Regan begins to show some behavioral changes and soon enough she’s outright possessed and Chris seeks out the help of a nearby Priest, Father Karras, who is struggling with his own faith because he feels he’s abandoned his aged mother who lives in a tenement in the Bronx alone and sickly. Had he become a private Psychiatrist instead of a Priest one, his uncle reminds him, she would be living on Park Avenue.

So there is the stress, the conflict and the guilt, all of which feed the demon. Karras is in over his head so the Bishop calls in Father Lancaster Merrin to lead the Exorcism. Along the way comes Lt Kinderman as the detective to solve the murderous goings on around the MacNeil house.

I also recently re-read the book, and the movie is a pretty straightforward adaption of it– I’d actually say a rare case of the film being better because director William Friedkin did some editing to keep the story moving and taut.

Like Michael Keaton’s Beetle Juice says “I’ve seen The Exorcist 65 times…” and actually I think I have him beat. I like the dialogue between characters in this movie so much I tend to put it one while I’m writing conversations to get that natural flow.

It’s an excellent movie and I think it deserves higher than it’s 8.2 rating on IMDB but it has its flaws. More on that in a minute.

Whenever I mention the movie everyone always asks me how did the demon get from Iraq to America and how did it possess Regan and what is it’s connection to Father Merrin?

The movie opens in Northern Iraq where Father Merrin is overseeing an archaeological dig and a trinket is found– it’s the demon Pazuzu who is both the demon of the wind and in some folklore a protector of folks against other demons. As Merrin leaves Iraq a windstorm kicks up and we see the ominous shape of the demon where we can infer he has been freed and is now in the amulet. Merrin and Pazuzu have a history as is revealed later in the film as the Bishop and the president of Georgetown discuss bringing him in for Regan’s exorcism, but the demon is never specifically mentioned.

The demon itself calls out for Merrin several times before his arrival, so ladies and gentlemen we have a relationship born not of LOVE CONNECTION but of proximity.
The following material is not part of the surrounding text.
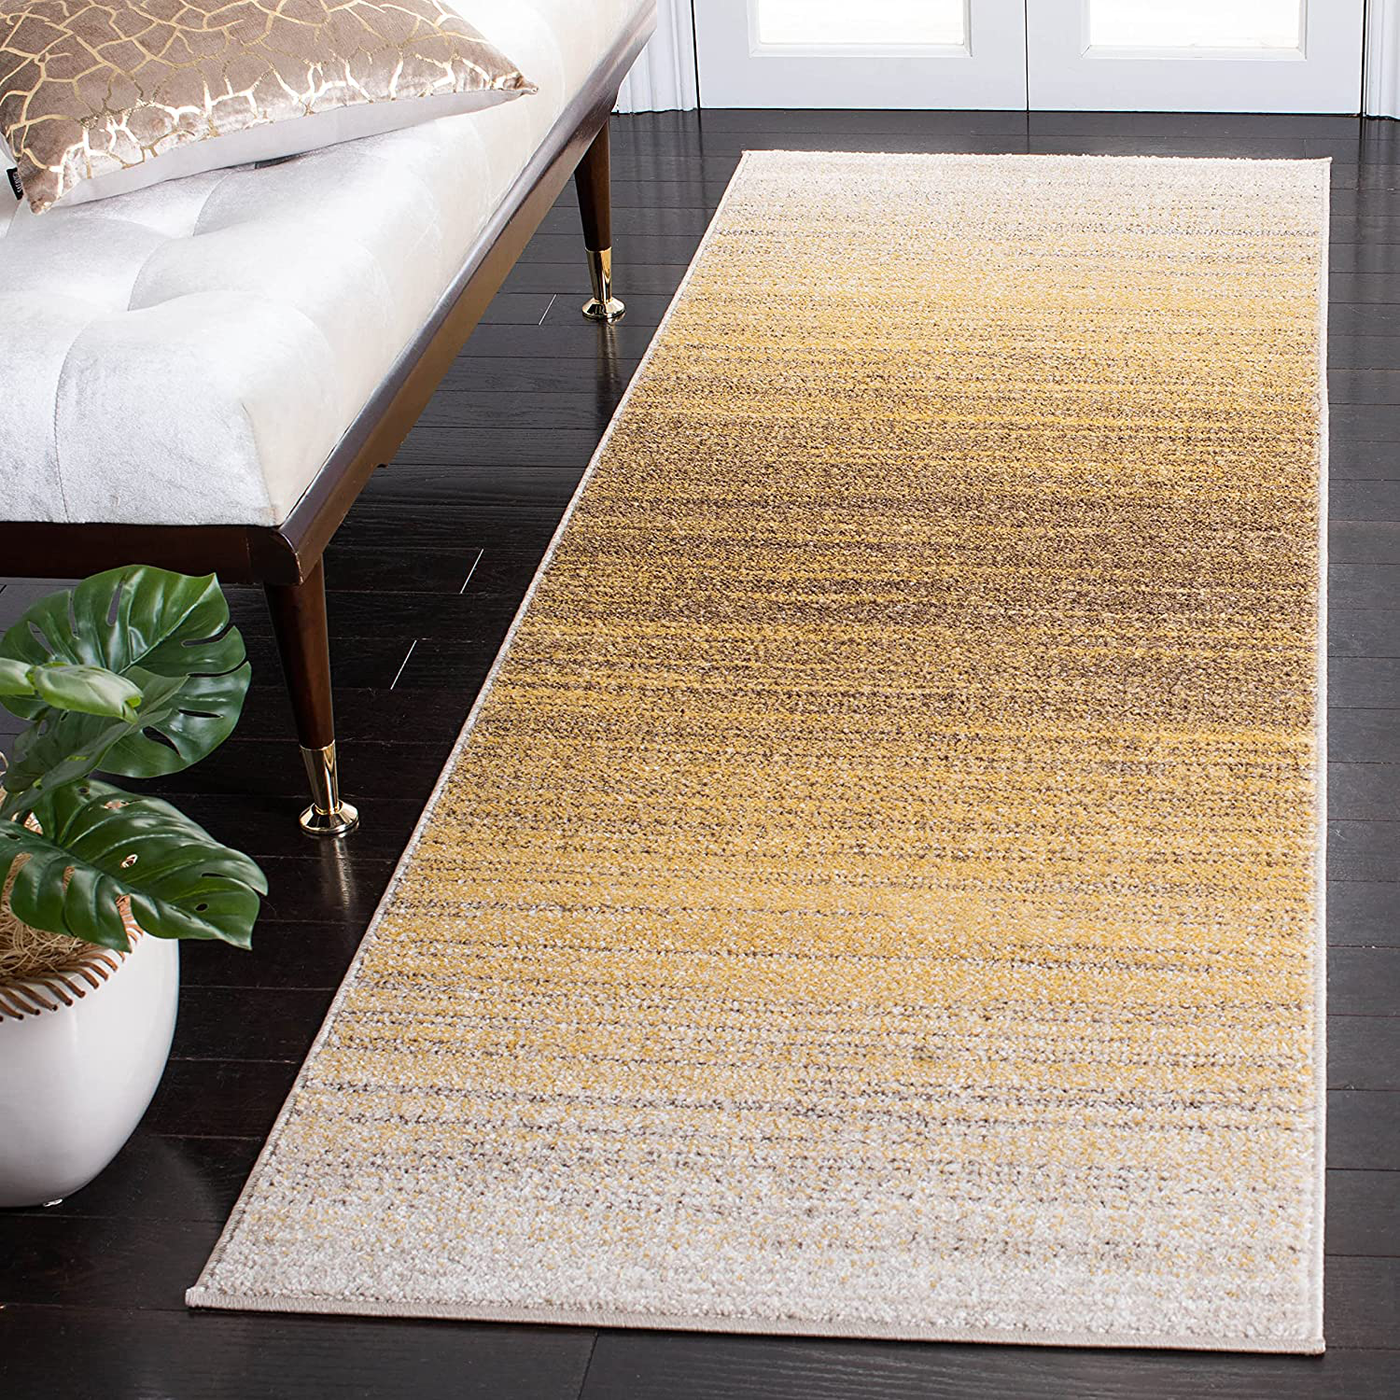 Safavieh Adirondack Collection ADR142D Modern Ombre Runner, 2'6" x 6' , Gold / Ivory

Merrin returns to America where he sequesters himself to write a book–meanwhile Regan, who is suffering the sorrow of her parents divorce, the loss of her childhood home, the relocation across the country without her friends, is in a condition where a friendly demon calling himself Captain Howdy from a Quija board could certainly make the jump into the little girl.

Flaws- not many– but Regan’s physical transformation seems to come pretty quickly, there’s a point where even the most skeptical visitor would take one look at that face step out of the room and say she’s possessed, yet many of our smarter characters are slow to see this.
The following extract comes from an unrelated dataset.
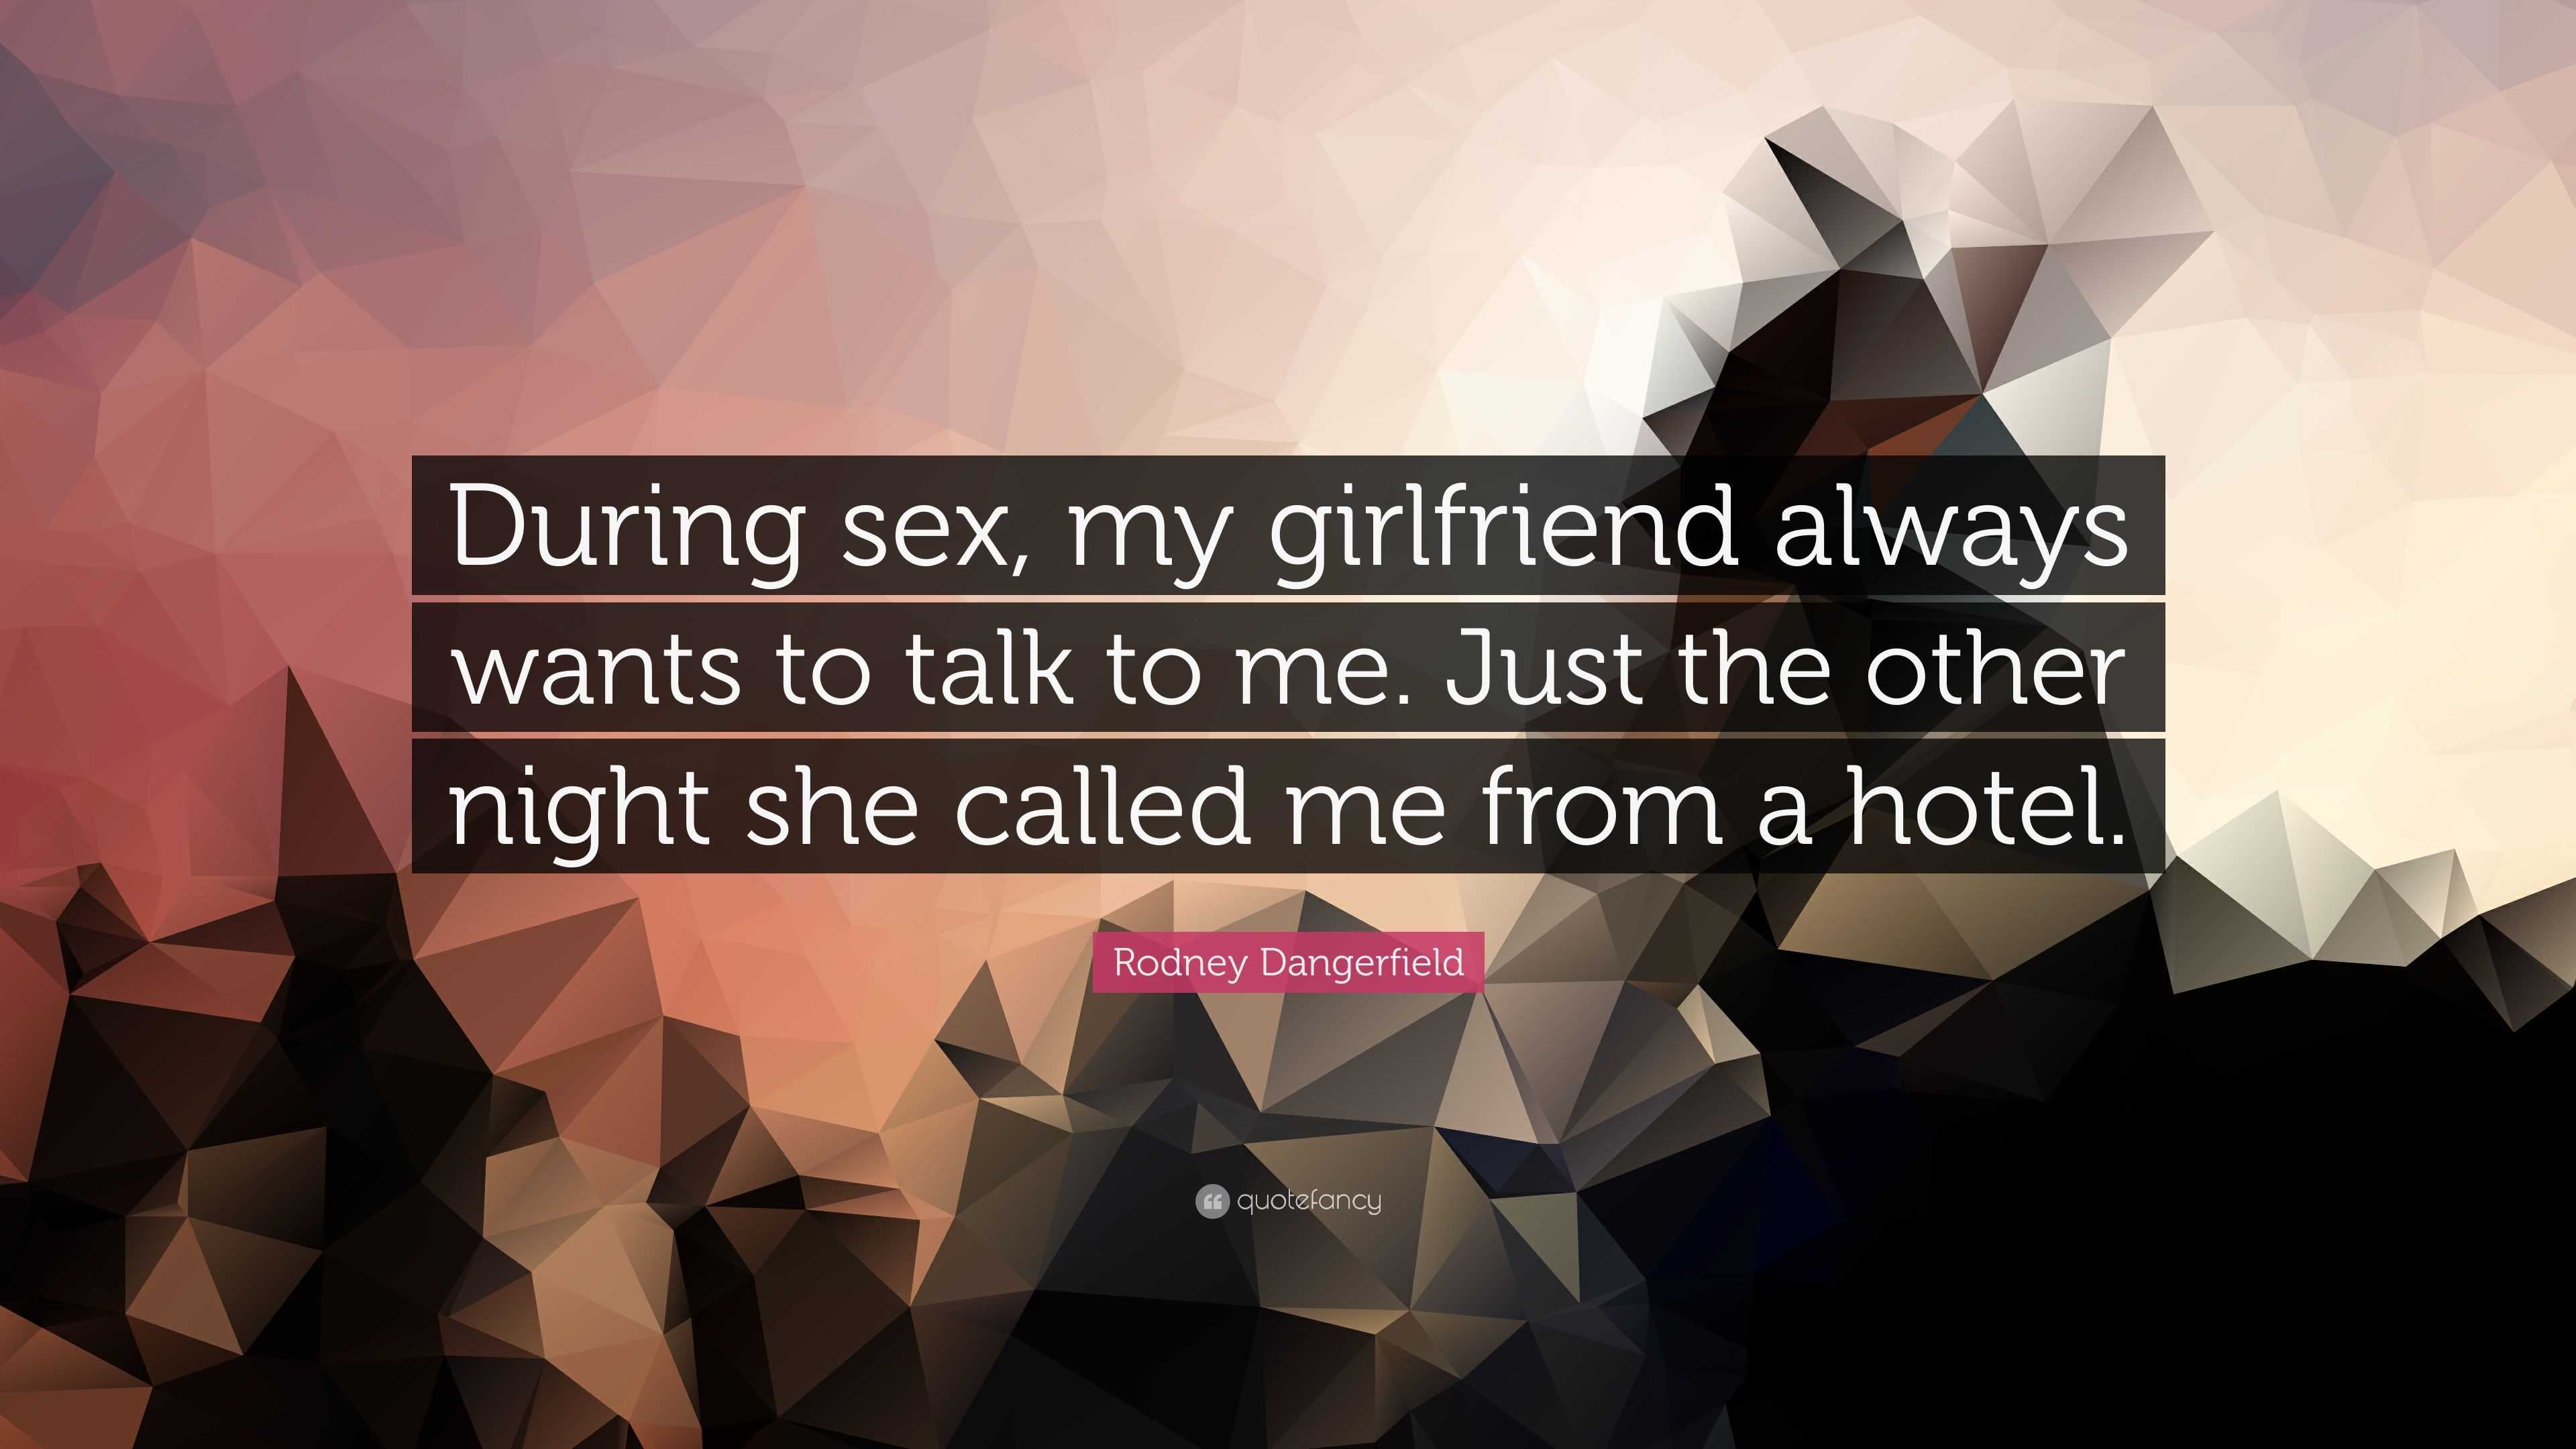 Rodney Dangerfield Quote “During sex, my girlfriend always wants to talk to me image image

The Theatrical Cut is superior to the Director Cut in my opinion, the Director cut restores the Spider Walk Regan does down the stairs pretty early in the film, and if THAT doesn’t convince you this girl is possessed nothing will.

Spoiler flaws – read at your own risk- it’s established that if the host body dies then the demon is vanquished, yet Regan’s head turns around 360 degrees which would certainly have killed her.

If you’ve read the sequel or seen the filmed version of it THE EXORCIST III: LEGION then this whole theory goes out the window because we’ll soon learn that Father Karras doesn’t die in the fall nor does Pazuzu leave his body, making the absolution scene at the end pointless.

It’s worth nothing that director Friedkin had no interest in filming the sequel so EXORCIST Novelist and Screenwriter William Peter Blatty took it upon himself to do it- I may get into that one another time but let’s just say Blatty is nowhere near the director Friedkin was.